The data set has three categorical variables (`Sex`

, with levels `Male`

and `Female`

, `Age`

, with levels `Adult`

and `Young`

, and `Survival`

, with levels `Alive`

and `Dead`

) and nine numerical variables that hold various aspects of the birds’ anatomy, such as wingspread, weight, etc.

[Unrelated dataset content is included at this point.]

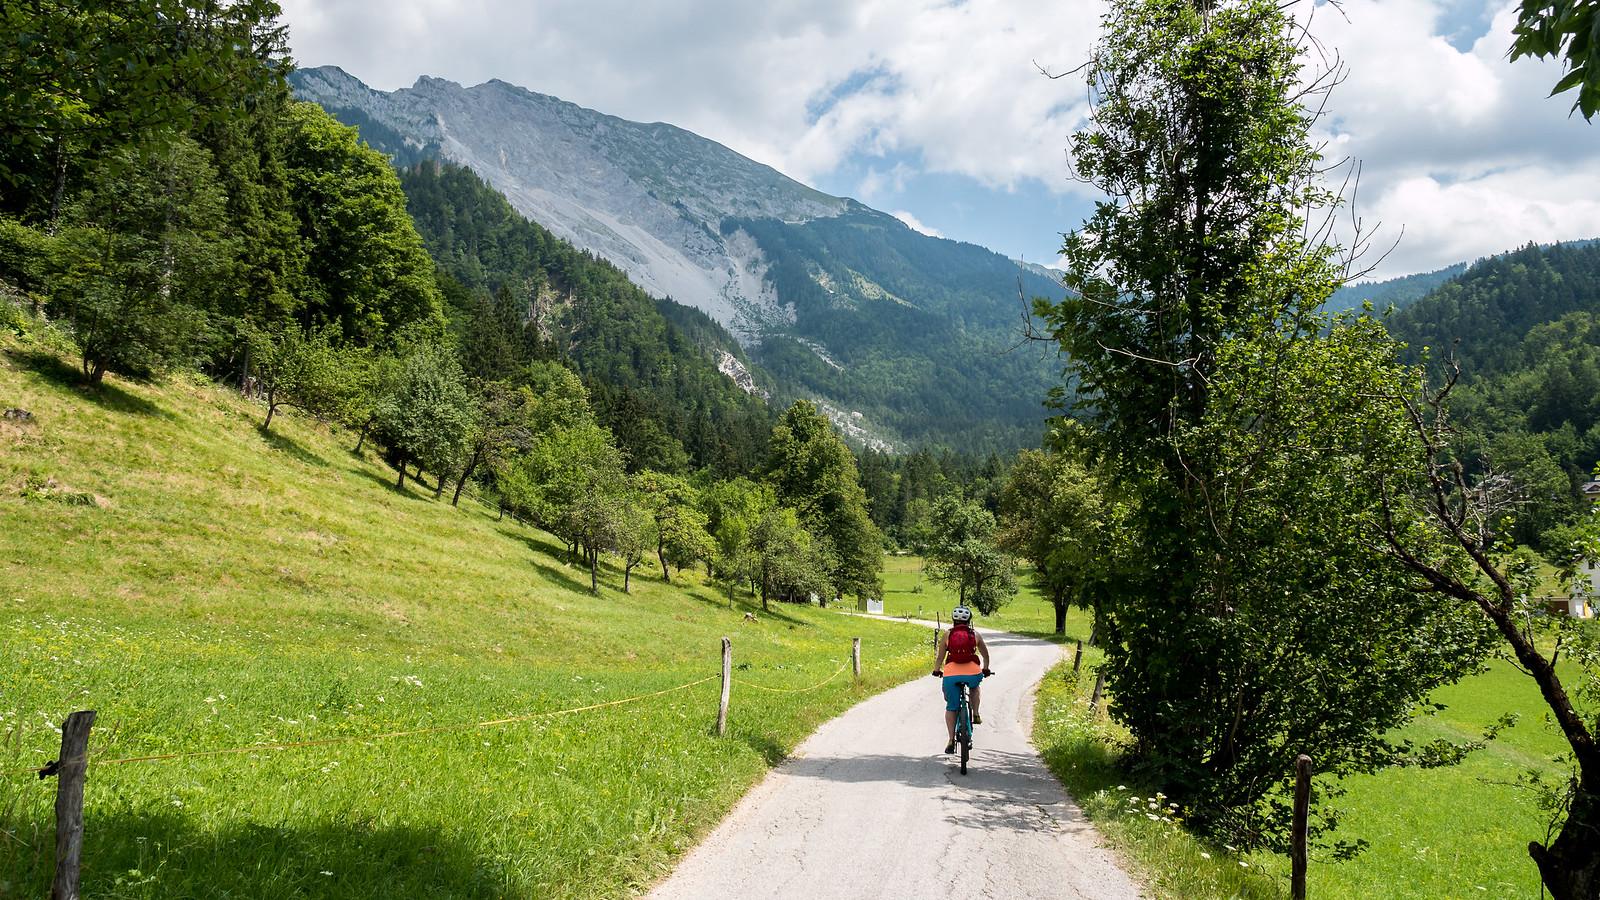 Pienessä kylässä Sloveniassa

**Problem 1:** Make a logistic regression model that can predict survival status from all other predictor variables. (Include the categorical predictors `Sex`

and `Age`

.) Then do backwards selection, removing the predictors with the highest P value one by one, until you are only left with predictors that have P<0.1. How many and which predictors remain in the final model?

```
glm_out_all <- glm(Survival ~ Sex +
Age +
Length +
Wingspread +
Weight +
Skull_Length +
Humerus_Length +
Femur_Length +
Tarsus_Length +
Sternum_Length +
Skull_Width,
data = bumpus,
family = "binomial")
summary(glm_out_all)
```

```
##
## Call:
## glm(formula = Survival ~ Sex + Age + Length + Wingspread + Weight +
## Skull_Length + Humerus_Length + Femur_Length + Tarsus_Length +
## Sternum_Length + Skull_Width, family = "binomial", data = bumpus)
##
## Deviance Residuals:
## Min 1Q Median 3Q Max
## -2.2342 -0.7890 -0.1887 0.7655 2.1927
##
## Coefficients:
## Estimate Std. Error z value Pr(>|z|)
## (Intercept) -10.79812 15.13435 -0.713 0.47555
## SexMale -1.64710 0.66562 -2.475 0.01334 *
## AgeYoung 0.32973 0.47216 0.698 0.48496
## Length 0.42375 0.10958 3.867 0.00011 ***
## Wingspread -0.01025 0.08496 -0.121 0.90394
## Weight 0.88472 0.24353 3.633 0.00028 ***
## Skull_Length -0.46347 0.46141 -1.004 0.31516
## Humerus_Length -1.66395 0.89997 -1.849 0.06447 .
## Femur_Length 0.09391 0.86933 0.108 0.91397
## Tarsus_Length -0.25479 0.39646 -0.643 0.52045
## Sternum_Length -0.67528 0.32942 -2.050 0.04037 *
## Skull_Width -0.68535 0.76052 -0.901 0.36750
## ---
## Signif. codes: 0 '***' 0.001 '**' 0.01 '*' 0.05 '.' 0.1 ' ' 1
##
## (Dispersion parameter for binomial family taken to be 1)
##
## Null deviance: 188.07 on 135 degrees of freedom
## Residual deviance: 129.56 on 124 degrees of freedom
## AIC: 153.56
##
## Number of Fisher Scoring iterations: 5
```

`# Your R code here (remove variables that do not contribute well to the model)`

*Your answer here*

**Problem 2:** Make a plot of the fitted probability as a function of the linear predictor, colored by survival. Make a density plot that shows how the two outcomes are separated by the linear predictor. Interperet your plots in 1-2 sentences. If you had to choose a cut-off value for alive or dead, where would it be?

`# Your R code here`

*Your answer here*

**Problem 3:** Add rugs to both the top and bottom of the probability plot above. Add a curve for the logistic function.